Significance Excessive accumulation of oxidative stress is harmful to cancer cells. Our study demonstrates the important roles of a pentose phosphate pathway (PPP) enzyme, transketolase (TKT), in redox homeostasis in cancer development. We highlight the clinical relevance of TKT expression in cancers. We also show that TKT overexpression in cancer cells is a response of Nuclear Factor, Erythroid 2-Like 2 (NRF2) activation, a sensor to cellular oxidative stress. TKT locates at an important position that connects PPP with glycolysis to affect production of antioxidant NADPH. Our preclinical study shows that targeting TKT leads to elevation of oxidative stress, making cancer cells more vulnerable to therapeutic treatment, such as Sorafenib.
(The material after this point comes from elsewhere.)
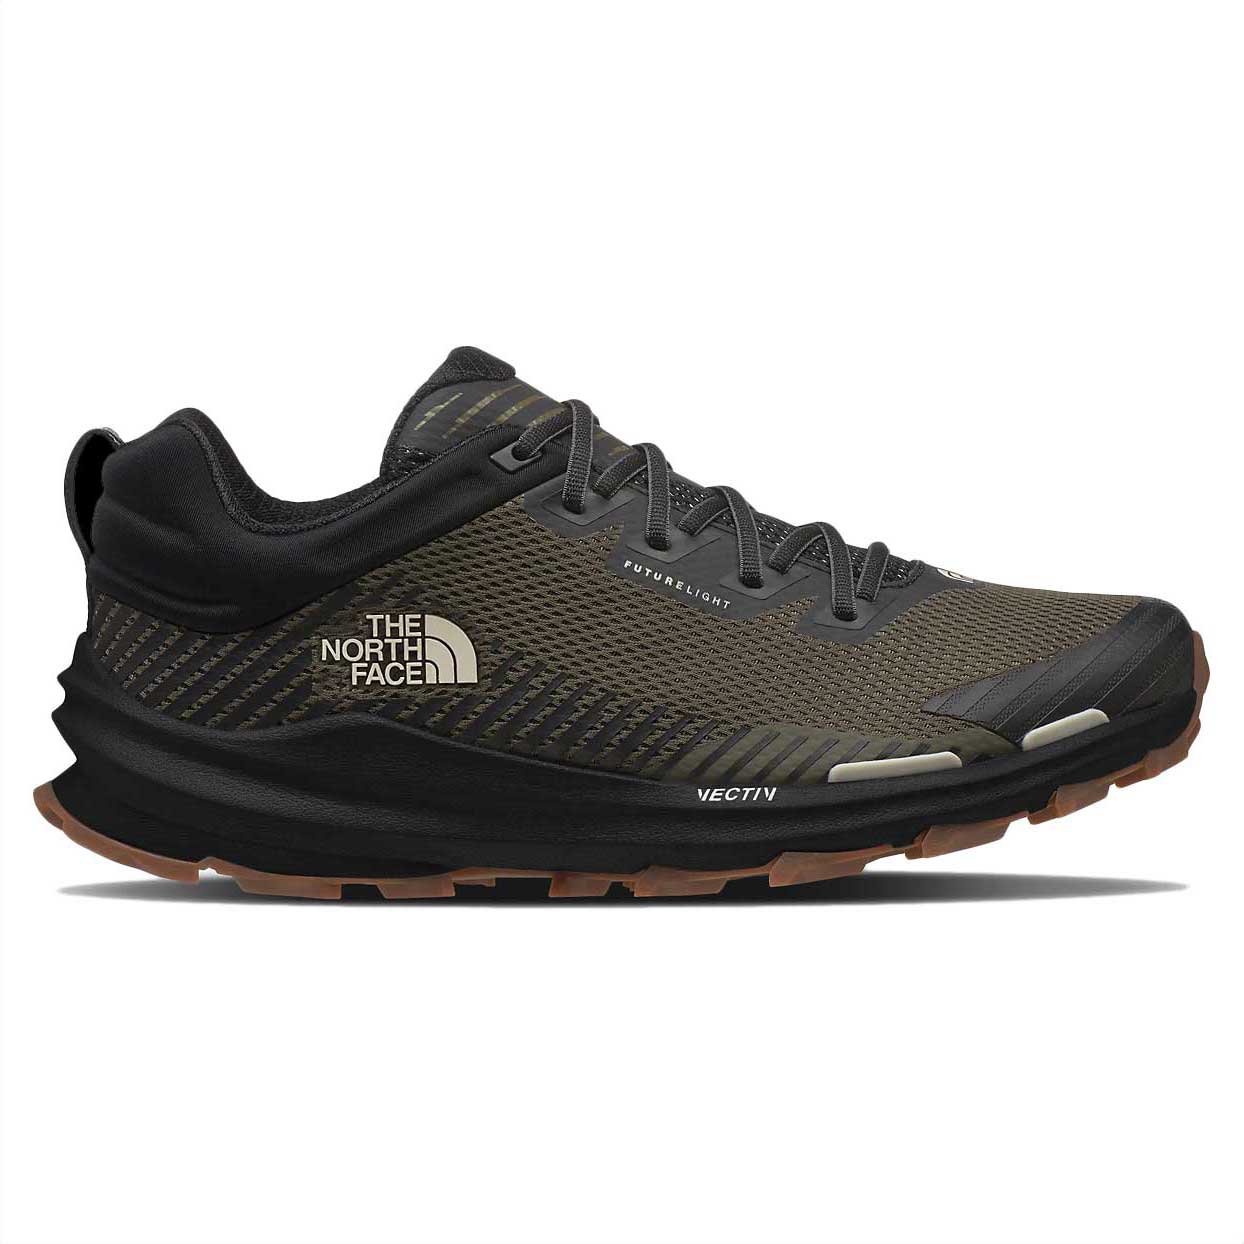 THE NORTH FACE OUTDOOR The North Face TRAVERSE VELOCITY KNIT WP - Outdoor  Shoes - Men's - black - Private Sport Shop

Using TKT as an example, our study suggests that targeting enzymes for antioxidant production represents a direction for cancer treatment. Cancer cells experience an increase in oxidative stress. The pentose phosphate pathway (PPP) is a major biochemical pathway that generates antioxidant NADPH. Here, we show that transketolase (TKT), an enzyme in the PPP, is required for cancer growth because of its ability to affect the production of NAPDH to counteract oxidative stress. We show that TKT expression is tightly regulated by the Nuclear Factor, Erythroid 2-Like 2 (NRF2)/Kelch-Like ECH-Associated Protein 1 (KEAP1)/BTB and CNC Homolog 1 (BACH1) oxidative stress sensor pathway in cancers. Disturbing the redox homeostasis of cancer cells by genetic knockdown or pharmacologic inhibition of TKT sensitizes cancer cells to existing targeted therapy (Sorafenib). Our study strengthens the notion that antioxidants are beneficial to cancer growth and highlights the therapeutic benefits of targeting pathways that generate antioxidants.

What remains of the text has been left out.